In Datomic the atomic unit of data is a “datom” (which is like the value for a single row and column, such as “User 12’s email address is hello@example.com.” Transactions are mostly collections of datoms.

{:db/id 1234
 :user/email "hello@example.com" ; <-- that's a datom
 :user/name "bob"                ; <-- there's another one
 :user/age 30}                   ; <-- and another

In XTDB, transactions operate on entire documents (similar to rows), and XTDB provides only a few relatively low-level operations.

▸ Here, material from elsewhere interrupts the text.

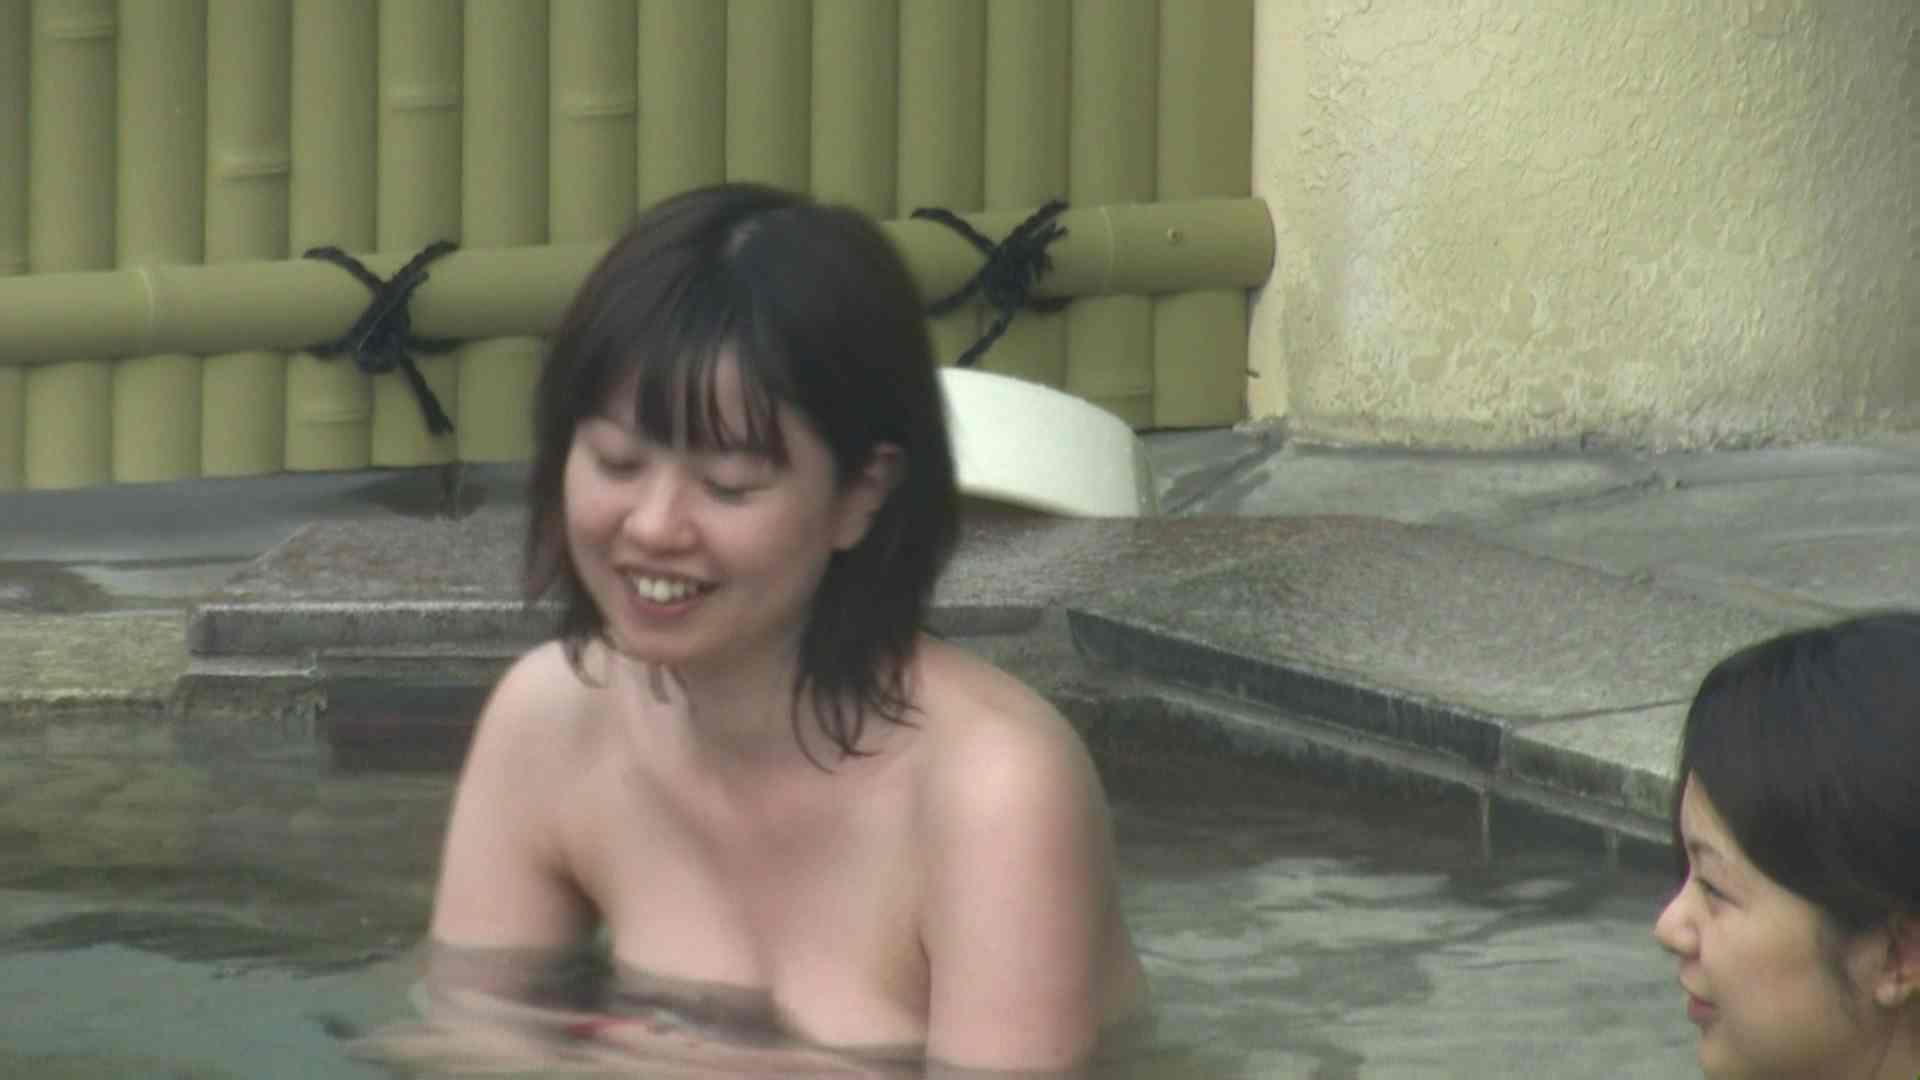 高画質露天女風呂観察 vol.030 乙女のエロ動画 えろ無修正画像 113PIX 52

If you want to update a single attribute in a document, you have to resubmit the entire document.

;; Old document
(def bob {:xt/id 1234
          :user/email "hello@example.com"
          :user/name "bob"
          :user/age 30}

(xt/submit-tx node
  [[:xtdb.api/put (assoc bob :user/email "different@example.com")]])

And if you do that naively, there’s a possibility that concurrent transactions will clobber each other.

;; If we run this at the same time as the submit-tx call
;; above, the email address might end up as
;; hello@example.com instead of different@example.com.
(xt/submit-tx node
  [[:xtdb.api/put (assoc bob :user/age 31)]])

You can fix that by using a combination of match operations and transaction functions. Biff does this already via its submit-tx wrapper; if you’re not using Biff, you’ll need to roll your own. Though I am planning to release Biff’s submit-tx as a standalone library, hopefully soon….

In any case, once you have something in place to handle concurrent XTDB transactions, I haven’t found the datoms-vs-documents difference to be significant. They both get the job done.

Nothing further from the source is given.